Consistency is trickier. In a perfect world, every system you build would be able to meet the Consistency requirement of an ACID-type transactional system. In other words, you could at any point choose to begin tracking your system state, and if something went wrong, perfectly undo the sequence of operations that it took to get there. If you could make that guarantee, you could eliminate the concerns of the Pragmatic Programmer since you could say, "It doesn't matter if I let things continue after an error, because I know I've rolled back to the state before I started to do the thing that failed". This is unrealistic for several reasons. First, many operations have no good notion of undo. Second, you would likely have to graft a very sophisticated set of nested transactions onto your system, imposing a massive overhead in performance, and possibly code complexity. Third, fail or don't fail is not really a valid outcome for most systems. For instance, you couldn't build a browser where the system either successfully rendered the entire page, or refused to render anything. Graceful degradation in the face of invalid inputs is also desirable, even if it opens up the possibility of leaving things in an inconsistent state.
Finally, there is the issue of longevity. Crashing is simply not an option for some systems. I have built servers for which "it got an error and exited" is not a valid outcome, and in general, no one wants their applications crashing all the time, even for semi-valid reasons of prevention of data corruption.
So are there any good rules for when to crash? Crashing seems like the right option under the following three conditions:
- The problem is fatal - Set the bar high. Crashing should equal program panic, not program annoyed or program concerned.
- A human must take some action to correct the problem - It can be hard to know when this is necessarily true, but if the condition encountered does not appear to be programmatically addressable, and it is fatal, crashing makes sense. For instance, many systems require configuration files to exist, be well-formatted, and exist in certain places on disk. If they do not exist, it's often better to crash than to try to come up with sensible defaults, which often just serves to confuse the user who can't understand why their configuration is being "ignored" when they put it in the wrong place.
- Rollback is impossible or meaningless - If the application's best effort to contain the damage has failed, or the extent of the problem is totally unknown, or rolling back would mean rolling back to essentially nothing, and it meets the above conditions, it's time to crash.
So does the Word 2007 crash meet these criteria?
- Fatal? Sort of. The malformed doc means that Word's only raison d'etre, to load a document for display and editing is impossible.
- Human-addressable?
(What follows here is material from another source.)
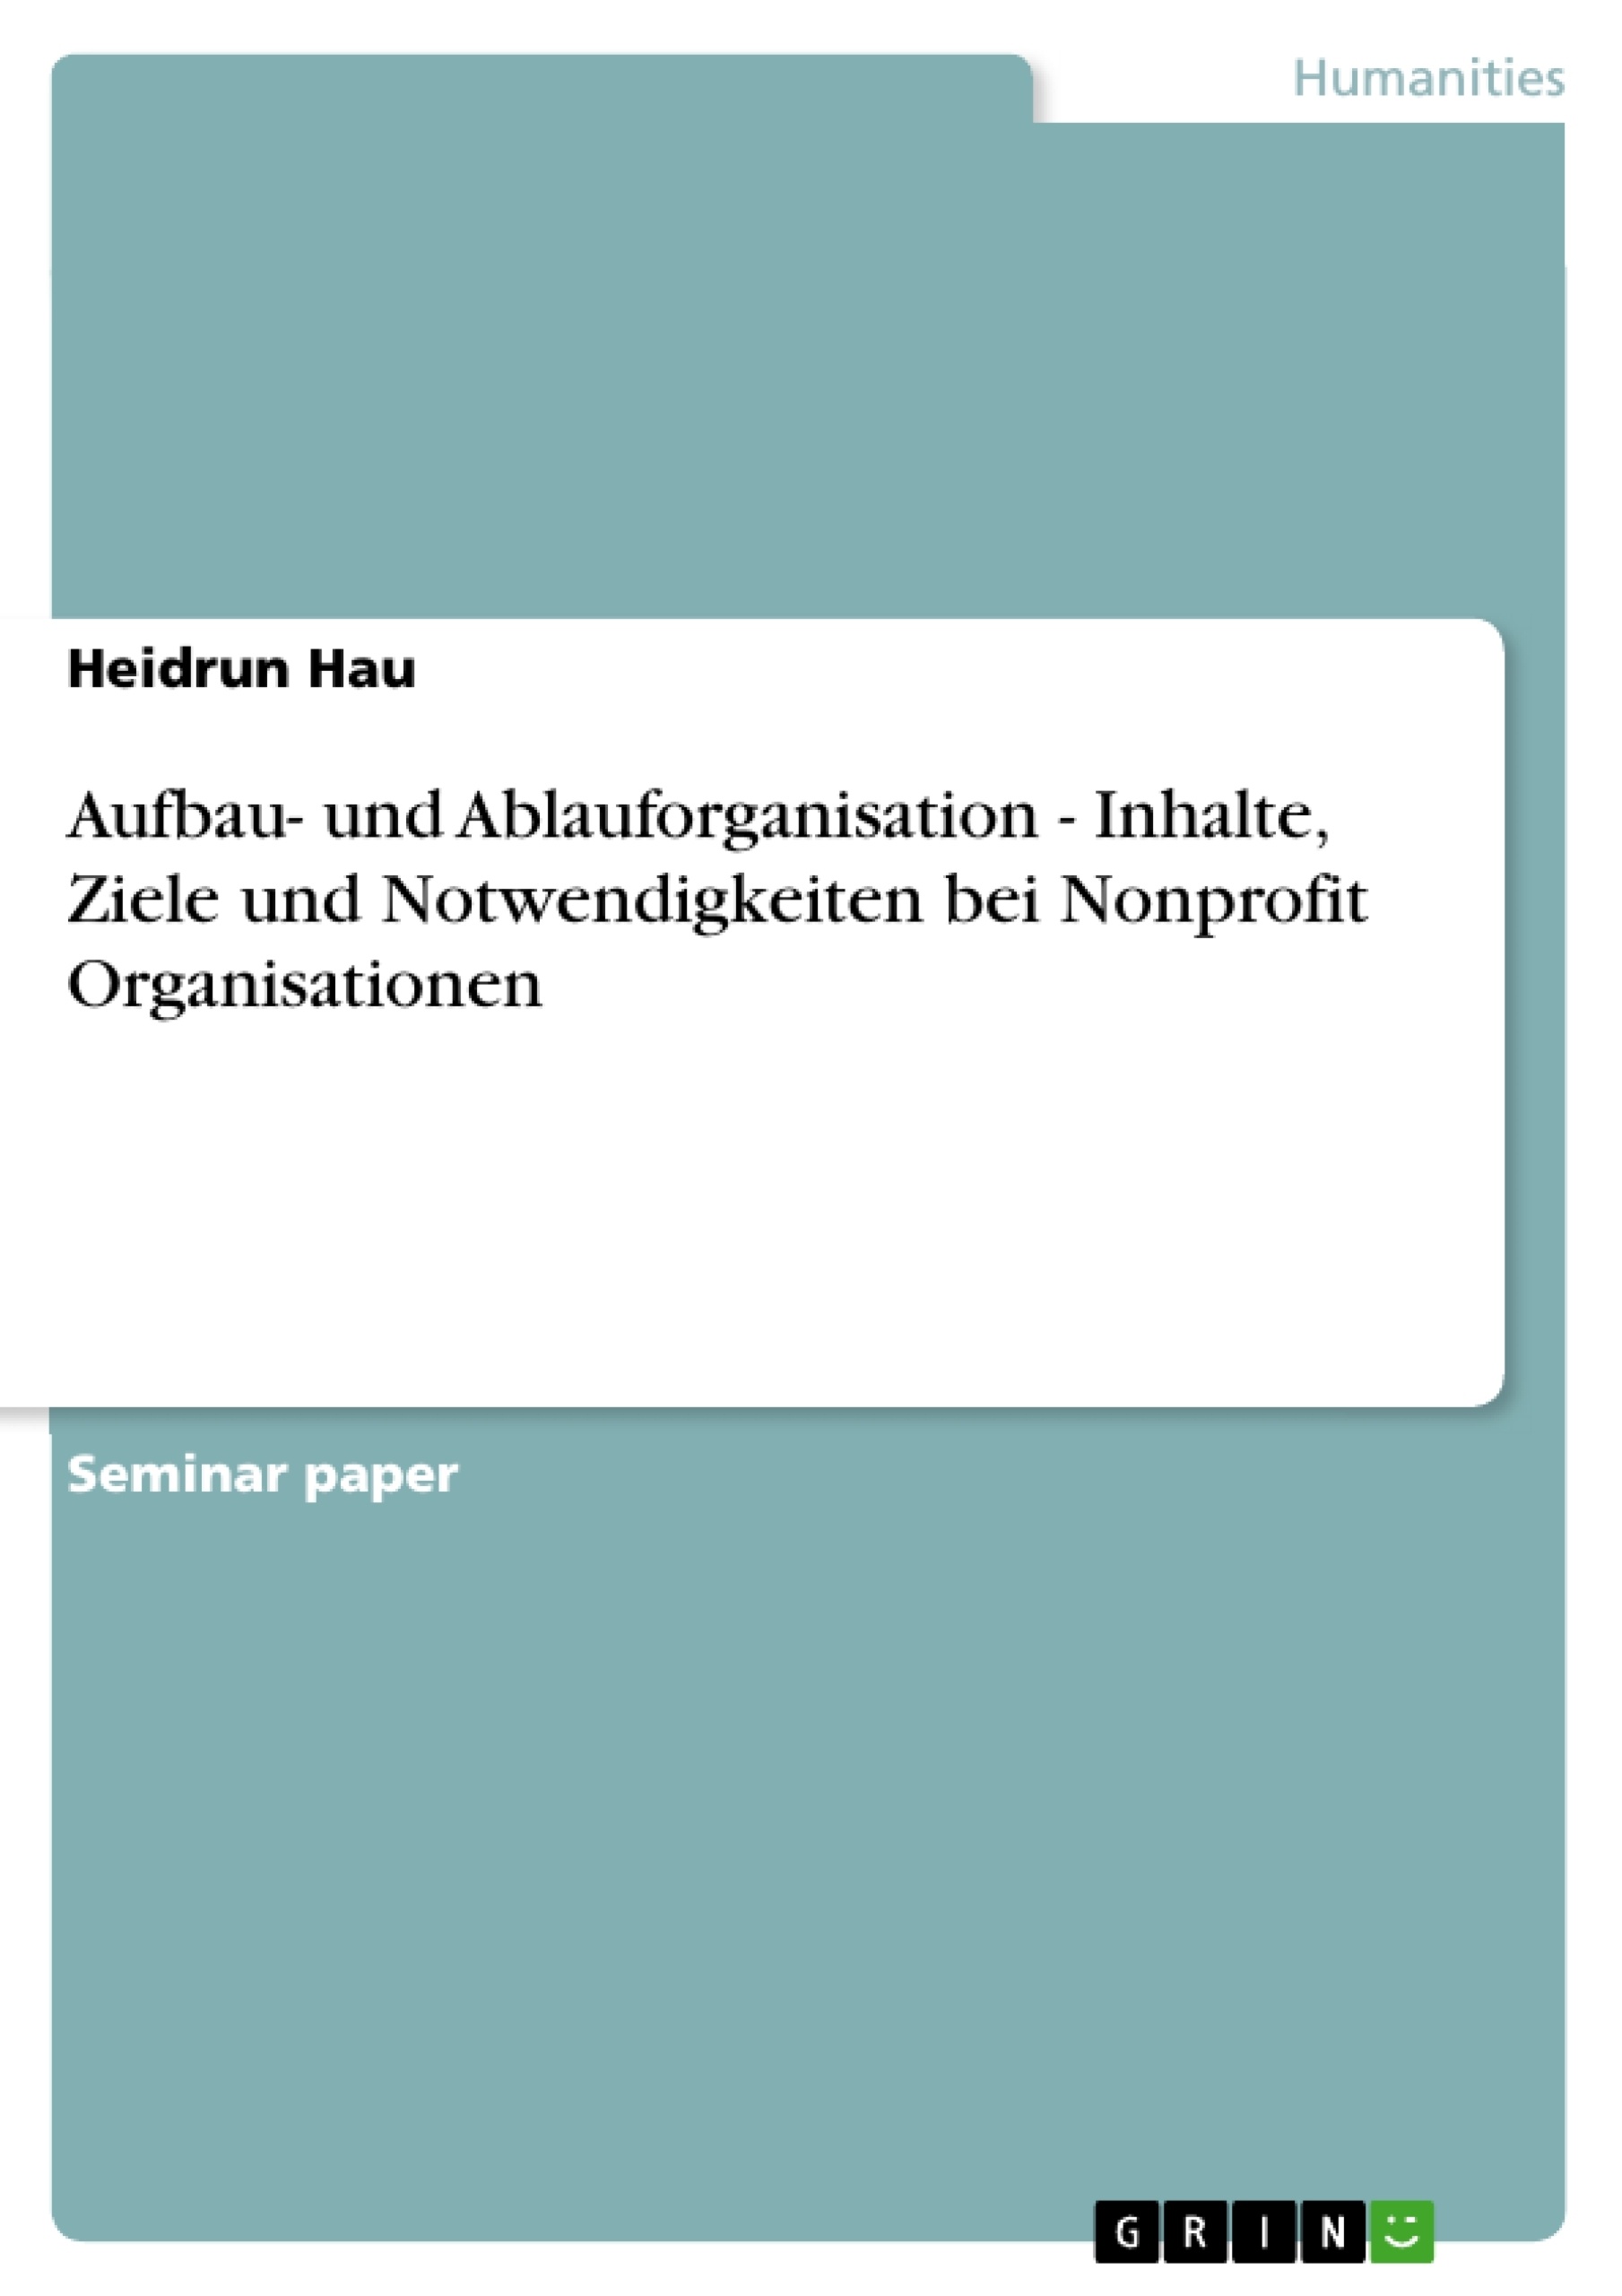 Title: Aufbau- und Ablauforganisation - Inhalte, Ziele und Notwendigkeiten bei Nonprofit Organisationen

Yes, this one it clearly meets. Word can't possible know what the "intent" of the document was in order to repair it programmatically.
- Rollback Failure? No, in this case there is a clear rollback position which is to restore the application to the state it was in before the load was attempted. Taking the whole application down in this situation is overkill, to put it mildly.
So in my opinion, the Word 2007 crashes fail to meet the necessary standard. Ultimately, the problem with crashing has to do with intent. It seems fairly clear that the Microsoft rep is claiming that the behavior was something they put in intentionally, when in fact it was very likely totally unexpected. If you are going to adopt a crash-sometimes-ok policy, you need to make sure you only crash under the right conditions and not because you simply failed to build a robust system.